Perceived ongoing financial strain is the critical factor. Long-term financial strain increased the odds of offending by age 12 by 155%. No other poverty measure was statistically significant.

Duration matters more than intermittent exposure. Persistent financial strain over 3+ years was more strongly associated with youth offending than intermittent exposure (1-2 years).

Poverty matters most for early onset offending at age 12, not 14. Poverty, particularly financial strain, was associated with offending at age 12, with no significant associations at age 14.

Objective poverty measures are poor predictors. Low income, parental unemployment and material deprivation alone do not meaningfully capture risk of youth offending.

Family stress is important. How parents experience financial hardship (a subjective measure) is more important that what their income is on paper.

Why these findings matter for policy

The findings provide robust evidence that persistent financial strain as experienced by parents, is the key poverty-related factor linked to early youth offending in Scotland. This distinction matters because it shows that traditional, objective poverty measures used in policy targets (like income thresholds and employment status) do not fully capture the lived economic stress that affects children’s behaviour. The findings suggest that policies focused solely on raising income or employment may miss families experiencing chronic financial pressure, who are at greatest risk of poor outcomes. 

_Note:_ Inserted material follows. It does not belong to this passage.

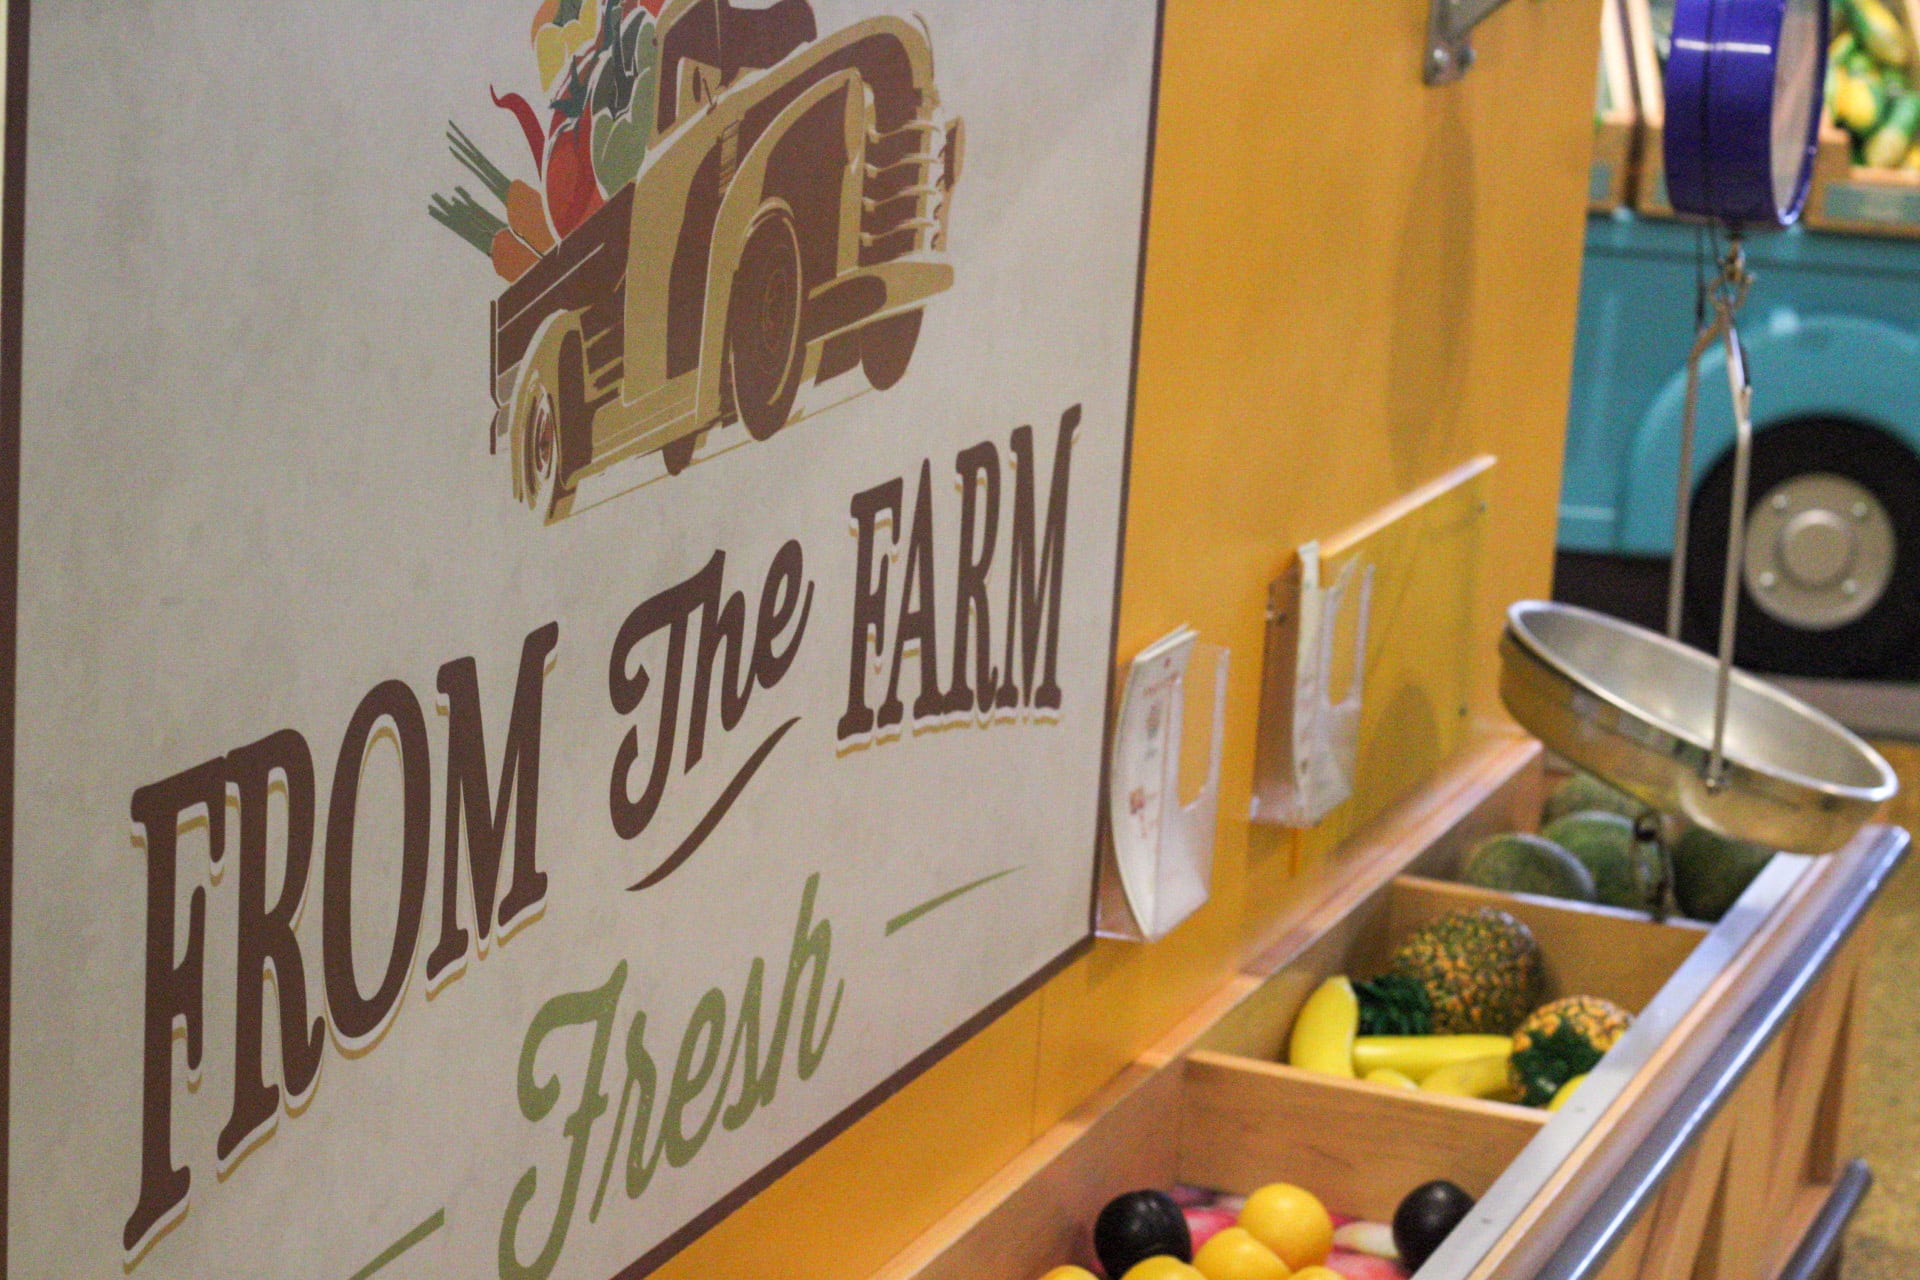 Fresh produce sign above the fruit stalls in the market exhibit.
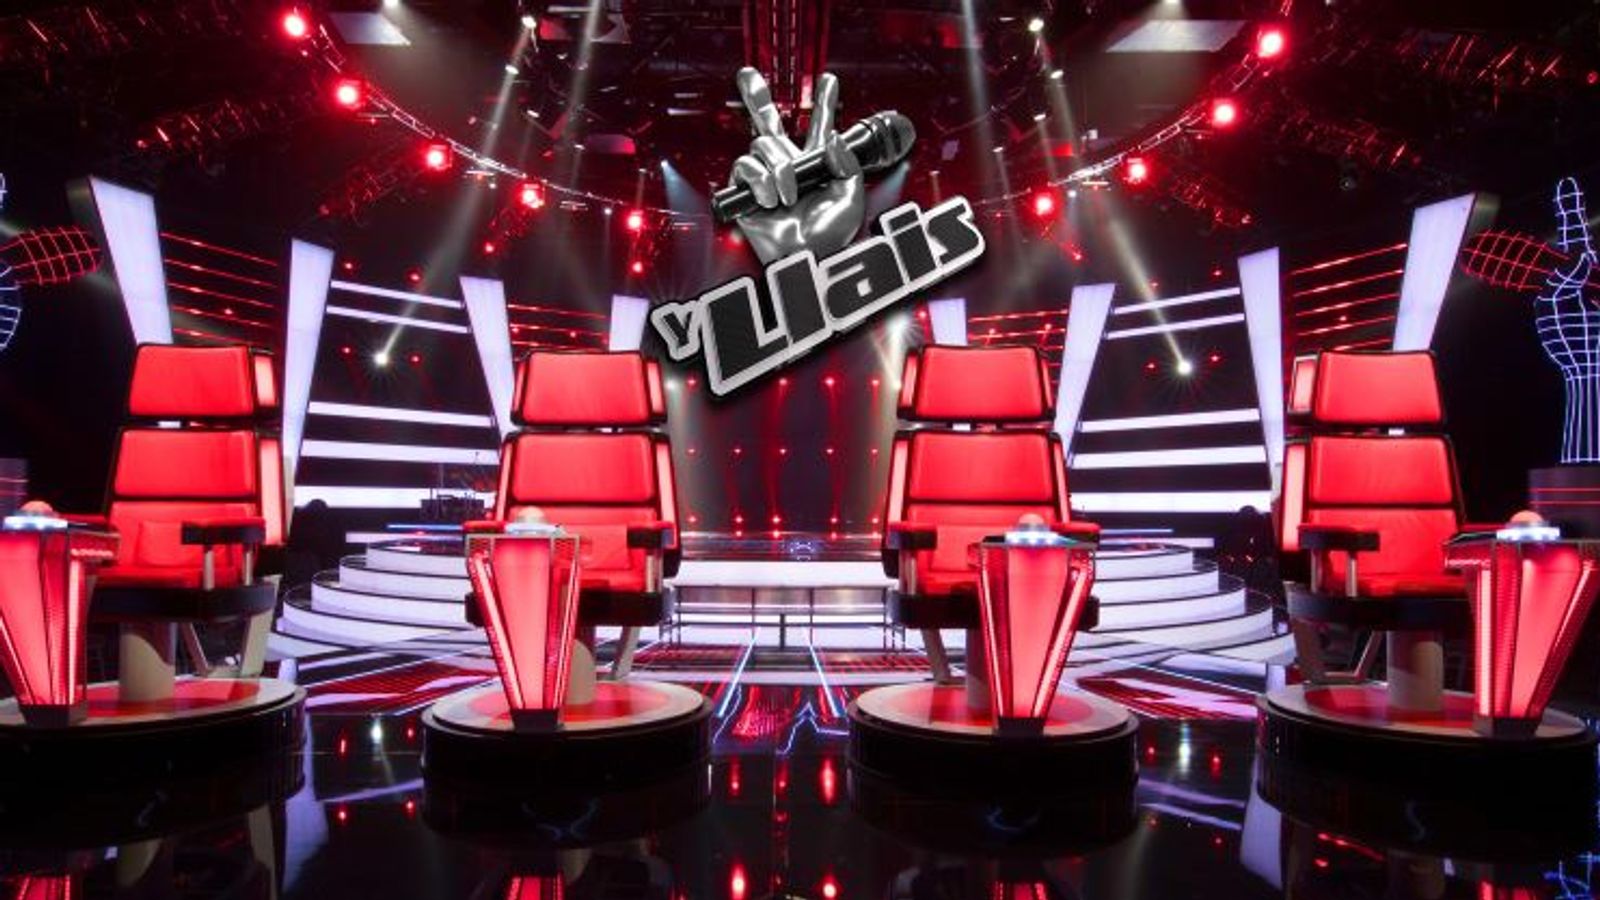 Wales to get own version of The Voice hosted by Radio 1 DJ

Incorporating subjective financial strain into poverty assessments would better identify vulnerable families, tailor early interventions more effectively, and design more targeted, preventative strategies to reduce early offending and support children’s wellbeing. The findings support an earlier intervention window including pre-school and early primary years to reduce offending behaviours by age 12.

Policy recommendations

1.Target long-term financial insecurity, not only acute poverty

  • Stabilise sustained hardship income supports (e.g. guaranteed minimum income schemes, multi-year benefit uplifts). 
  • Prioritise anti-poverty schemes for chronically financially strained households. 

2.Implement early years monitoring and support 

  • Introduce screening for persistent financial stress in early childhood services (health visitors, early year centres etc) 
  • Further integrate family support services combining financial help, parenting support and wellbeing. 

3.Expand community-based prevention for at-risk children

  • Invest in youth engagement, school support and diversionary programmes targeted at children in chronic financially strained households. 

4.Strengthen cross-government collaboration

  • Further align anti-poverty policy with youth justice, education and public health strategies. 
  • Create shared indicators and data systems that allow ongoing monitoring of persistent child poverty and its behavioural impacts.